Conrad hadn't noticed the other girls—okay, women—but he didn't want to tell her that. He didn't want to tell her that he actually couldn't take his eyes off her, the way she looked up at Hodgson, her grave brows lifting attentively, and the way she set her lips together and the smooth angle of her wrist when she took notes. He didn't want to tell her that he hadn't even seen the other girls, because then he'd sound either like a complete bullshitter or a complete dork. He leaned closer.

“I didn't see any other women there,” he told her.

She looked at him, then laughed. “Conrad,” she said.

His name in her voice: he felt a tiny jolt of excitement.

“Claire,” he said. Her name in his mouth.

“So what did you say about Zeus and Hera?” he asked, leaning back. “I'm actually writing my thesis on them. How they're both transgendered.”

She didn't know him well enough yet to know when he was joking, or what kind of jokes he'd make. But she would come to know him, and they would learn each other. They had that to look forward to, and the idea gave Conrad a giddy lift. He leaned toward her again, to speak; she leaned toward him to listen.

“Kidding,” he said.

“I knew that,” she said.

Claire's hair hung down her back nearly to her waist. She wore it loose, sometimes outside her parka, where it spilled and drifted, full of static electricity, across the whispery fabric. Sometimes she kept it inside her jacket, a soft, secret mass pressed against her warm back. Just the thought of that, the hidden shimmery mass shifting across her back, used to give him a hard-on. Nearly everything about her gave him a hard-on. The fine, ridged edge of her upper lip, the way it articulated the line of her mouth. The shallow indentation along her upper arm.

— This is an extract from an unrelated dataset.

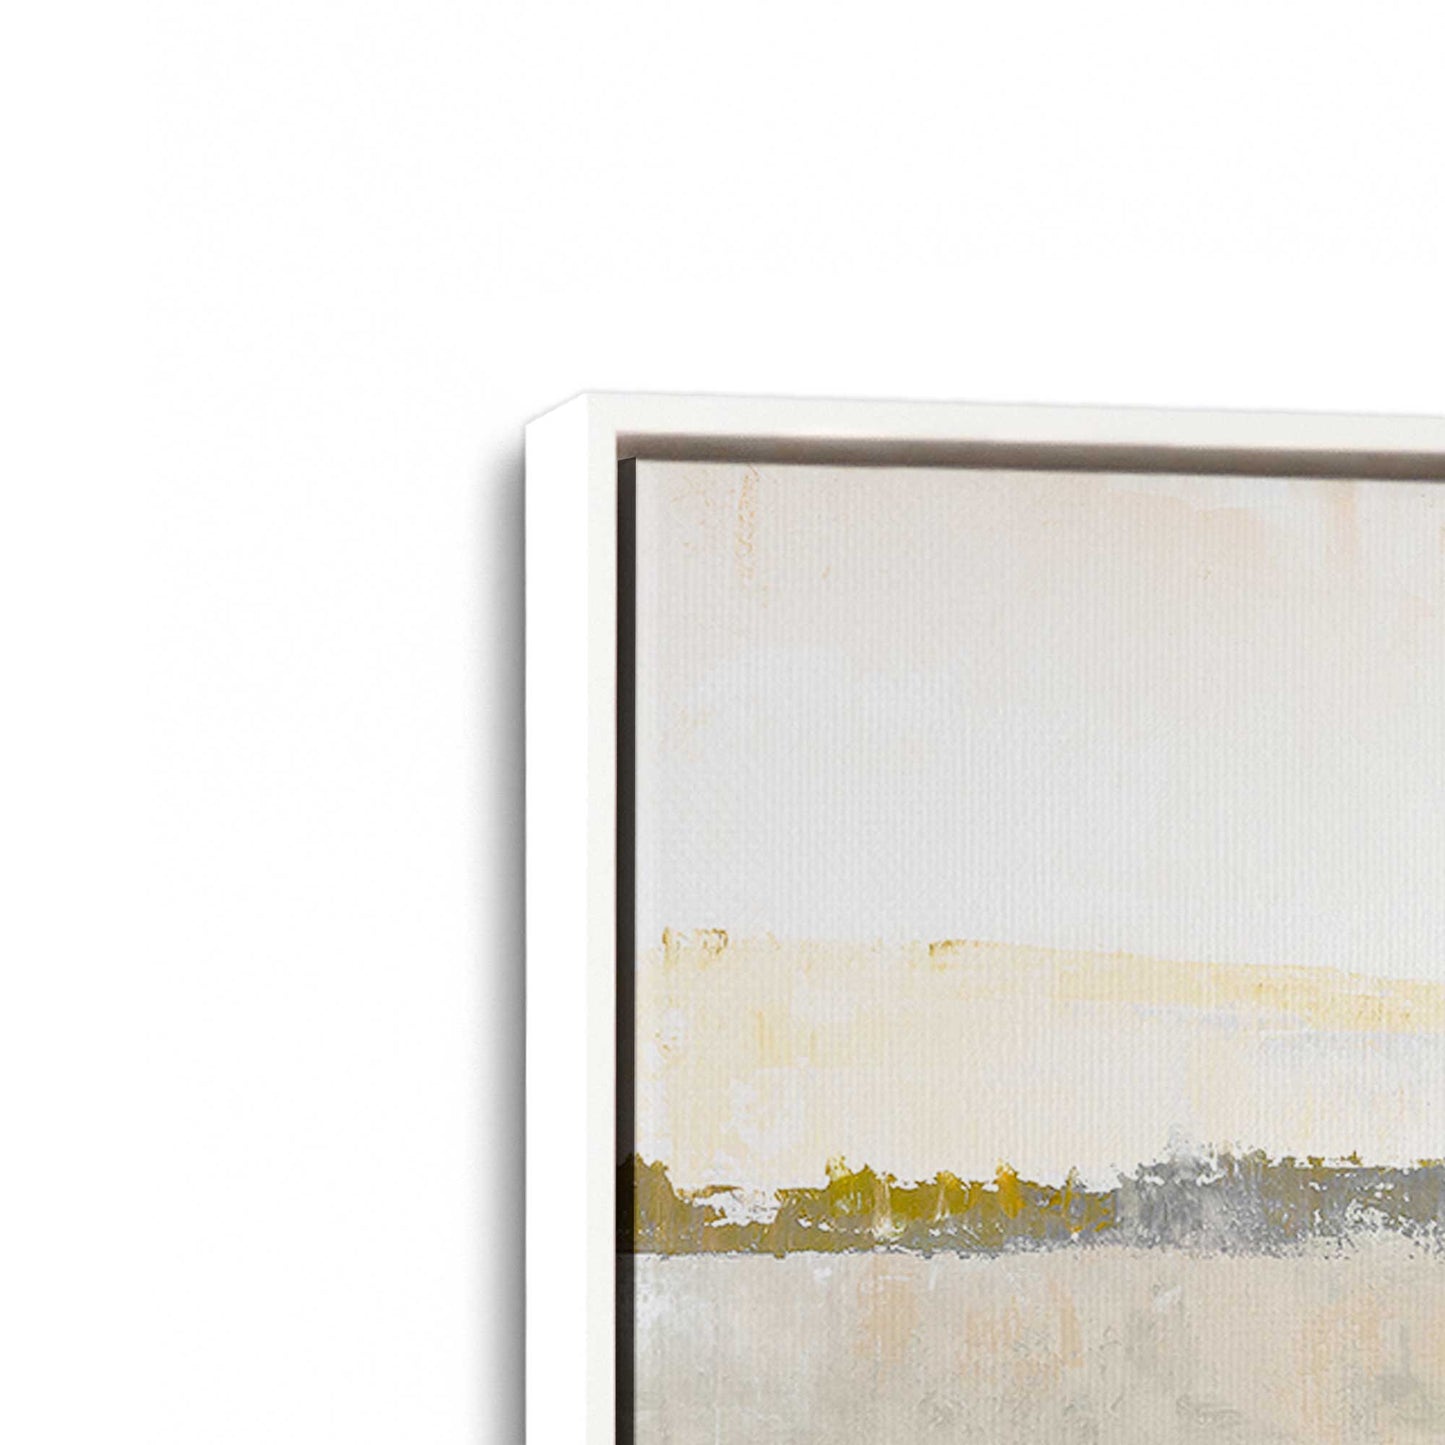 [Color:Opaque White], Picture of the corner of the art
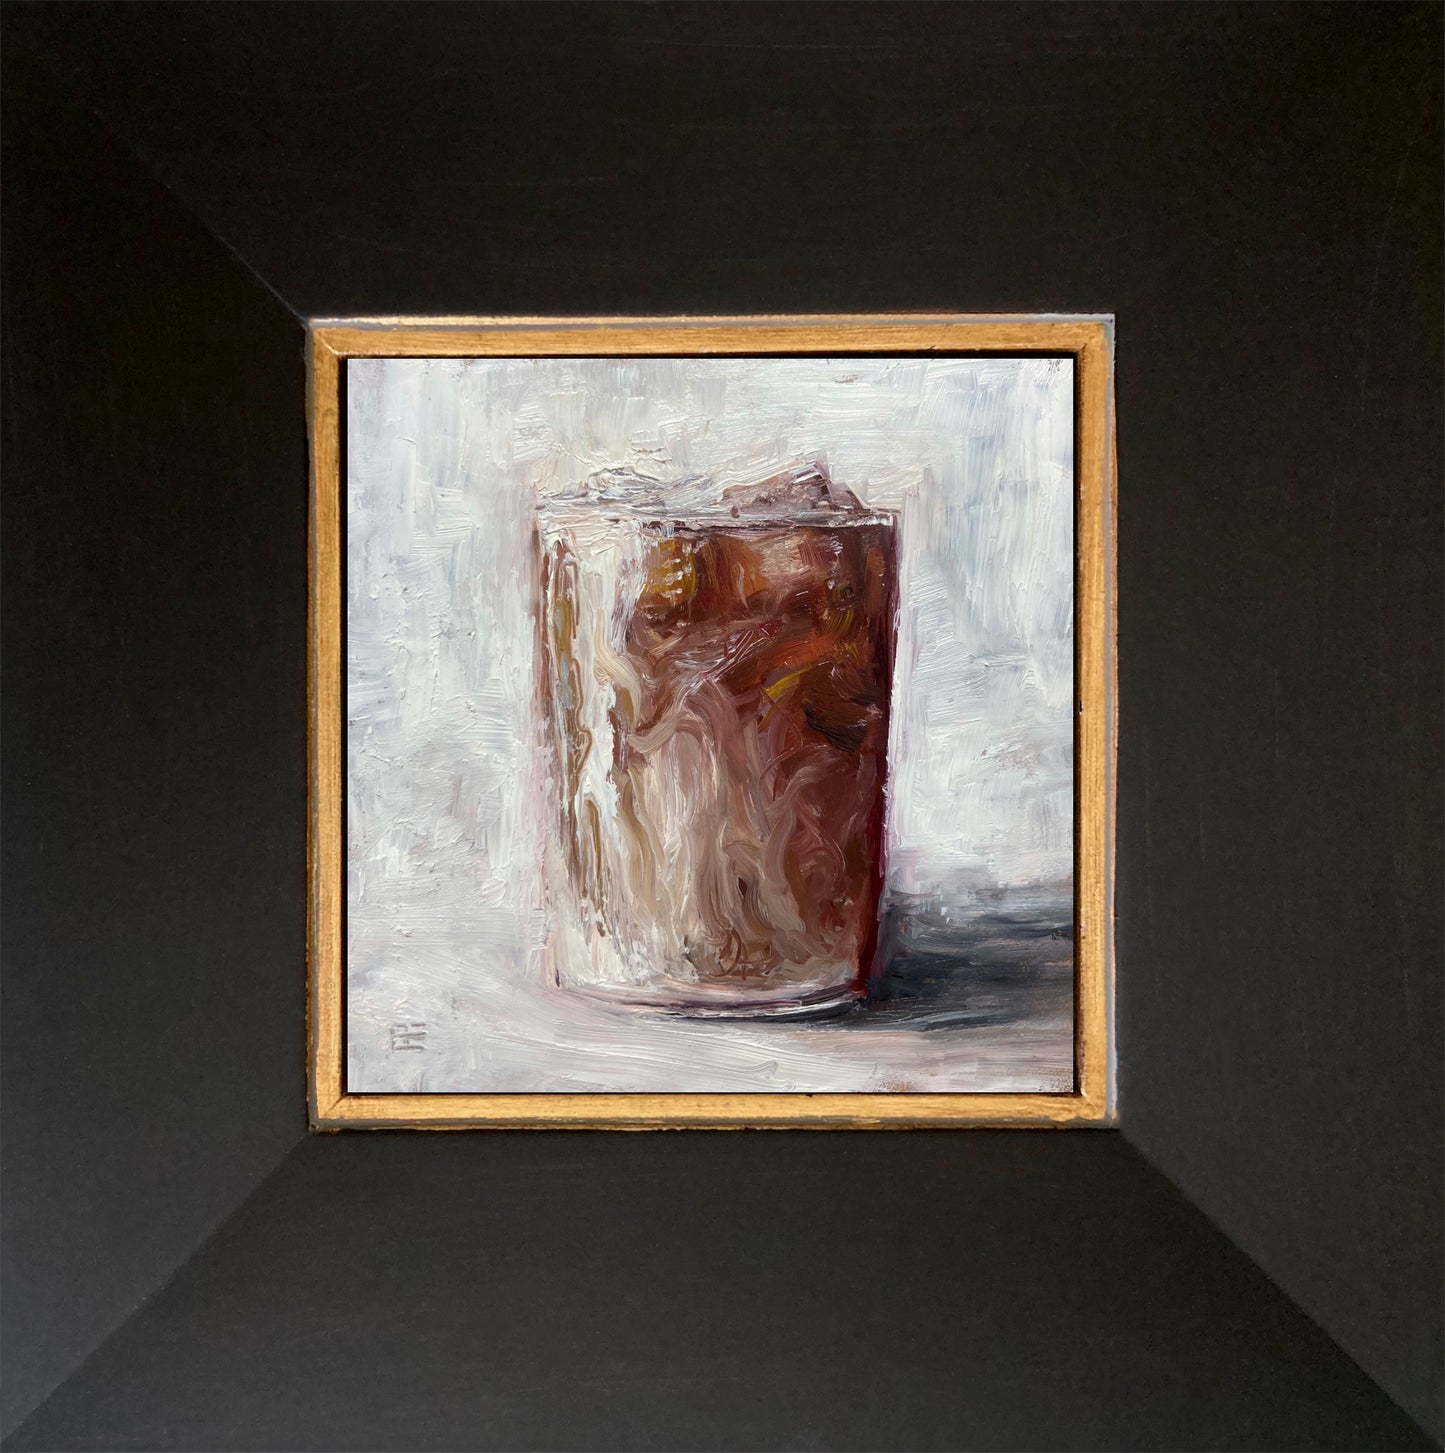 Oil painting of iced Oil painting of iced Oil painting of iced beverage by E. E. Jacks titled Afternoon with dark wood frame

Her neck was long and graceful, and when she spoke, sometimes she took her hair in both hands, lifting it away from her face to toss it down her back. As she did so, she raised her chin, lengthening her throat, while looking steadily at him. When she smiled, she looked at him sideways, shyly.

Conrad could make her laugh. She nearly fell off her chair, helpless and twisting, her hand over her mouth, when he told her the story about his roommate and the pizza delivery guy. She liked country music, but he forgave her for that because she liked baseball and was a Sox fan. Her fingers were short and stubby, like a little girl's, and they were double-jointed. She could bend her thumb backward, nearly touching her wrist, and that gave him a hard-on, too.

Six weeks later, they had their first fight. They were on their way back to Conrad's room after a long evening with friends. It was late, and they were walking uphill.

“I don't know why Josh even likes her,” she said. “She's an idiot.”